Python의 scikit-learn 라이브러리의 metrics 메소드에 이미 정의되어 있는 MSE, MAE 지표는 가져다가 쓰구요, 없는 지표는 모델 적합도 (goodness-of-fit of time series model)를 평가하는 지표 (https://rfriend.tistory.com/667) 포스팅에서 소개했던 수식대로 Python 사용자 정의 함수(User Defined Funtion)을 만들어서 사용하겠습니다.

아래의 모델 성능 평가 지표 중에서 AIC, SBC, APC, Adjsted-R2 지표는 모델 적합에 사용된 모수의 개수 (the number of parameters) 를 알아야지 계산할 수 있으며, 모수의 개수는 지수평활법 모델 종류별로 다르므로, 적합된 모델 객체로부터 모수 개수를 세는 사용자 정의함수를 먼저 정의해보겠습니다.

## UDF for counting the number of parameters in model
def num_params(model):
    n_params = 0

    for p in list(model.params.values()):
        if isinstance(p, np.ndarray):
            n_params += len(p)
            #print(p)
        elif p in [np.nan, False, None]:
            pass
        elif np.isnan(float(p)):
            pass
        else:
            n_params += 1
            #print(p)
    
    return n_params
    

num_params(fit1)
[Out] 2

num_params(fit7)
[Out] 17

이제 각 지표별로 Python을 사용해서 지수평활법 모델별로 성능을 평가하는 사용자 정의함수를 정의해보겠습니다. MSE와 MAE는 scikit-learn.metrics 에 있는 메소드를 가져다가 사용하며, 나머지는 공식에 맞추어서 정의해주었습니다.
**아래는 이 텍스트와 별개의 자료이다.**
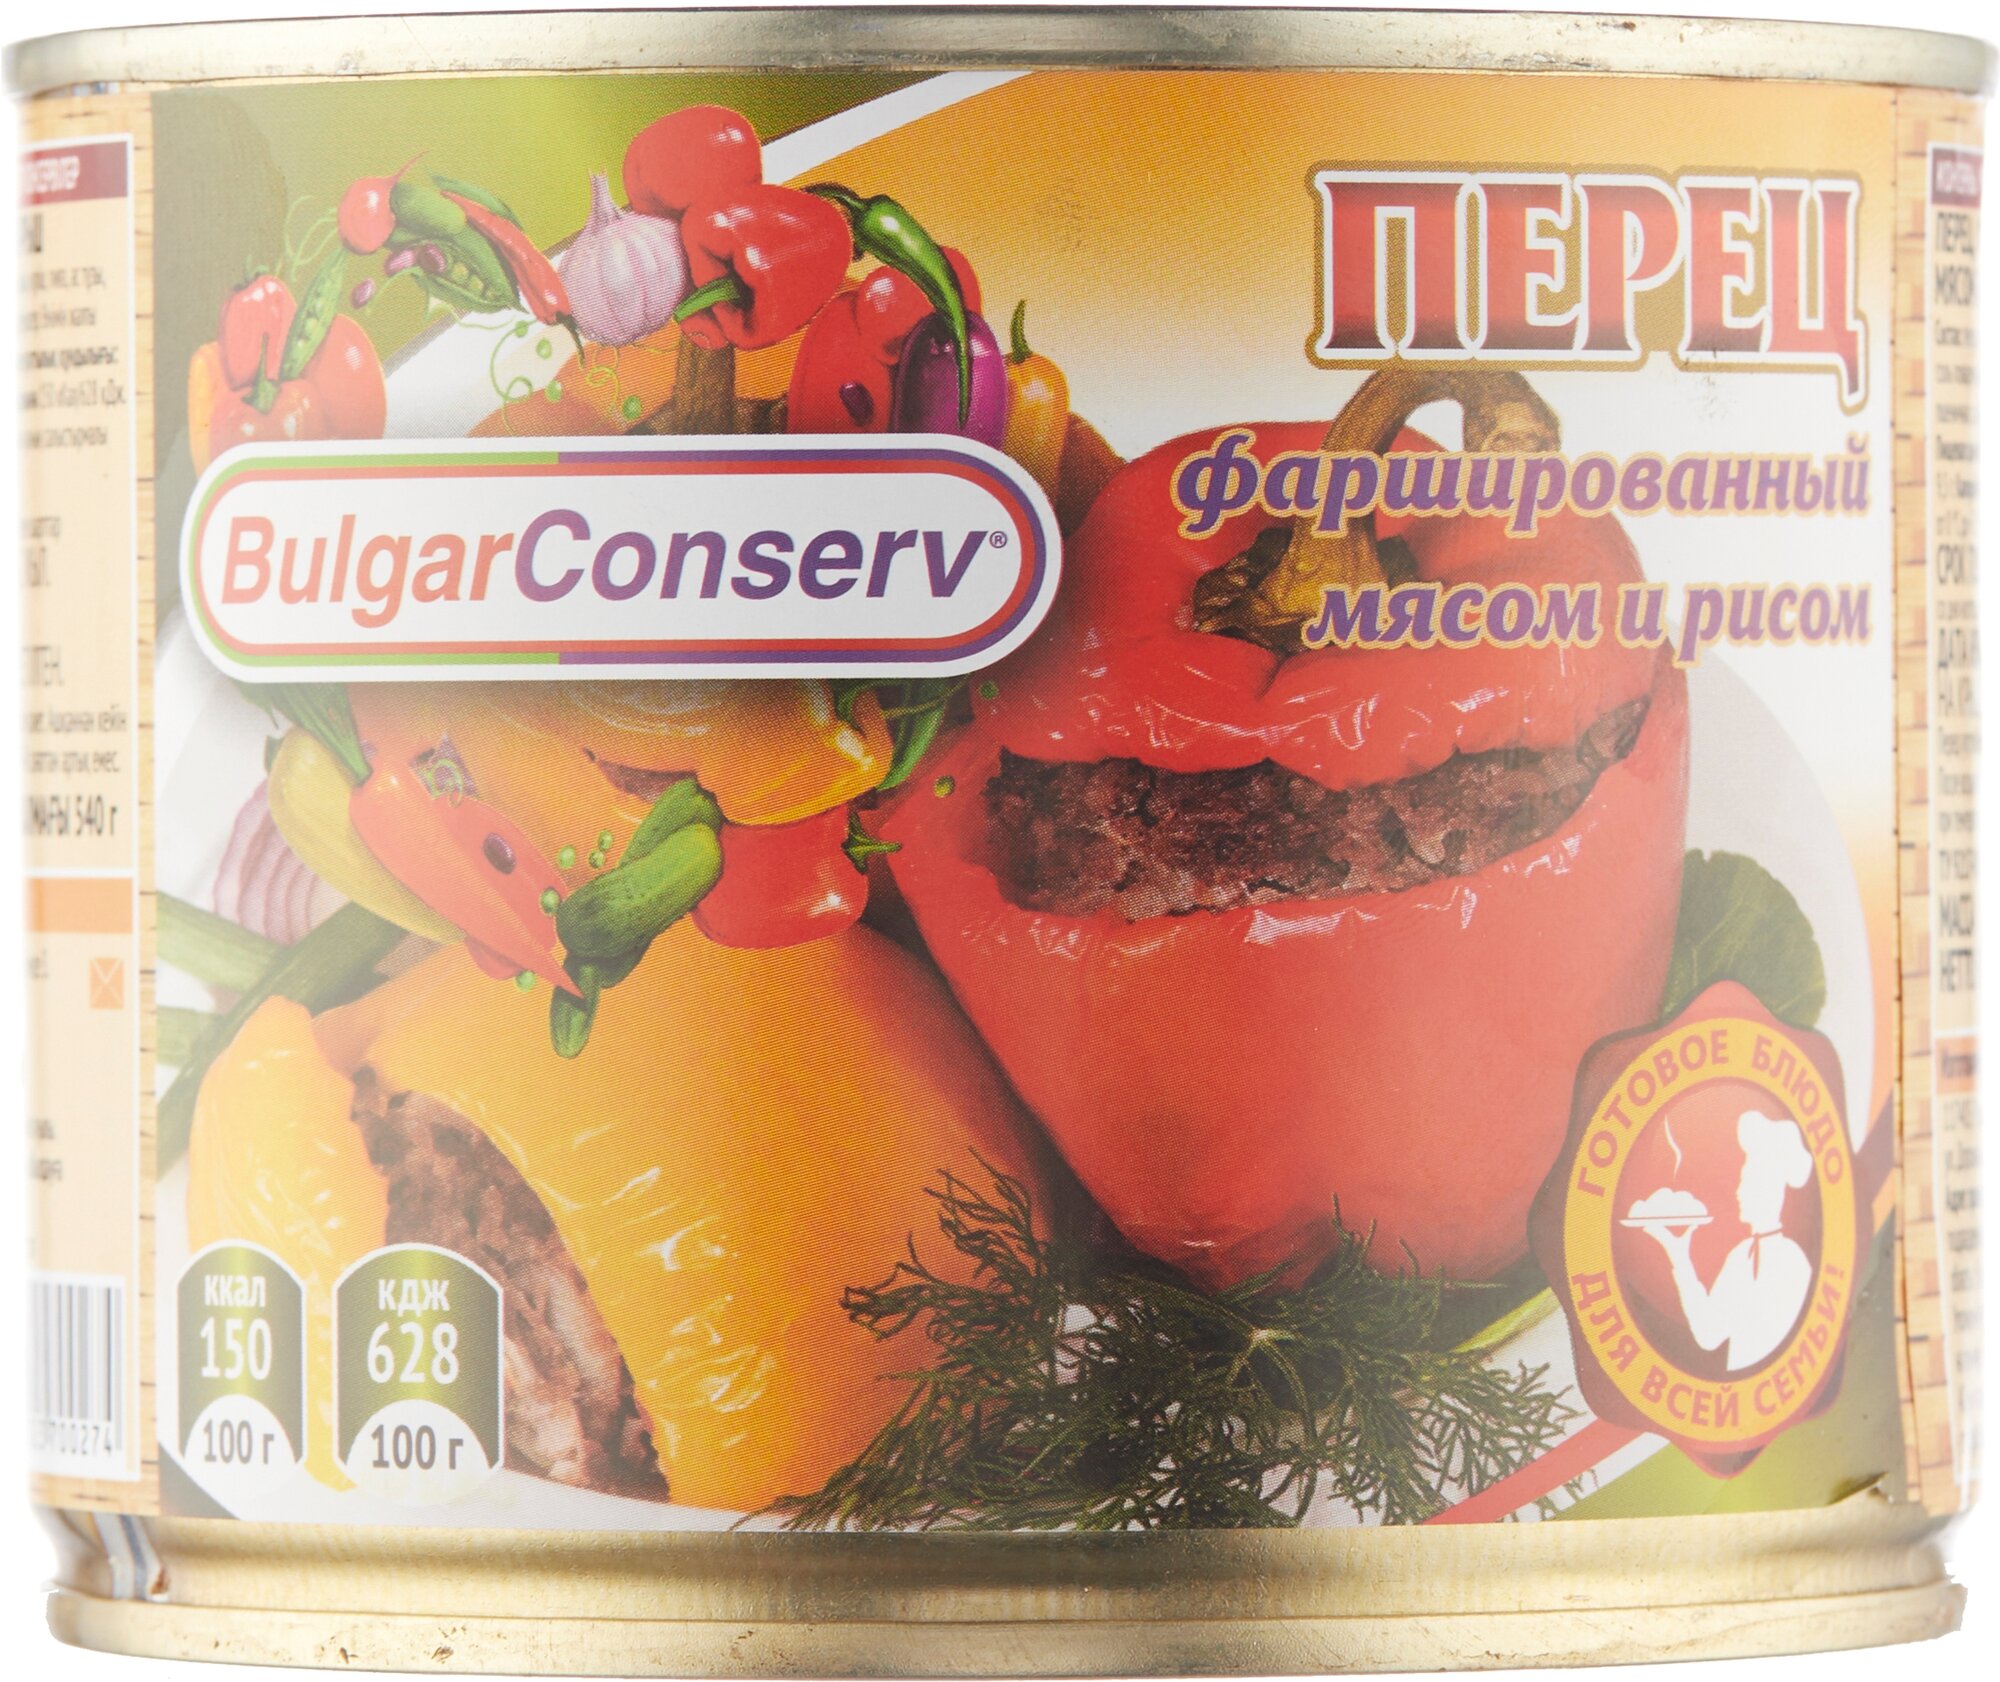 Перец Булгарконсерв с мясом и рисом 540г (1шт.)

(혹시 sklearn 라이브러리에 모델 성능 평가 지표 추가로 더 있으면 그거 가져다 사용하시면 됩니다. 저는 sklearn 튜토리얼 찾아보고 없는거 같아서 아래처럼 정의해봤어요. 혹시 코드 잘못된거 있으면 댓글에 남겨주시면 감사하겠습니다.)

## number of observations in training set
T = df_train.shape[0]
print(T)
[Out] 192


## evaluation metrics
from sklearn.metrics import mean_squared_error as MSE
from sklearn.metrics import mean_absolute_error as MAE

# Mean Absolute Percentage Error
def SSE(y_test, y_pred):
    y_test, y_pred = np.array(y_test), np.array(y_pred)
    return np.sum((y_test - y_pred)**2)

def ME(y_test, y_pred):
    y_test, y_pred = np.array(y_test), np.array(y_pred)
    return np.mean(y_test - y_pred)

def RMSE(y_test, y_pred):
    y_test, y_pred = np.array(y_test), np.array(y_pred)
    return np.sqrt(np.mean((y_test - y_pred)**2))   
    #return np.sqrt(MSE(y_test - y_pred))

def MPE(y_test, y_pred): 
    y_test, y_pred = np.array(y_test), np.array(y_pred)
    return np.mean((y_test - y_pred) / y_test) * 100

def MAPE(y_test, y_pred): 
    y_test, y_pred = np.array(y_test), np.array(y_pred)
    return np.mean(np.abs((y_test - y_pred) / y_test)) * 100

def AIC(y_test, y_pred, T, model):
    y_test, y_pred = np.array(y_test), np.array(y_pred)
    sse = np.sum((y_test - y_pred)**2)
    #T = len(y_train) # number of observations
    k = num_params(model) # number of parameters
    return T * np.log(sse/T) + 2*k

def SBC(y_test, y_pred, T, model):
    y_test, y_pred = np.array(y_test), np.array(y_pred)
    sse = np.sum((y_test - y_pred)**2)
    #T = len(y_train) # number of observations
    k = num_params(model) # number of parameters
    return T * np.log(sse/T) + k * np.log(T)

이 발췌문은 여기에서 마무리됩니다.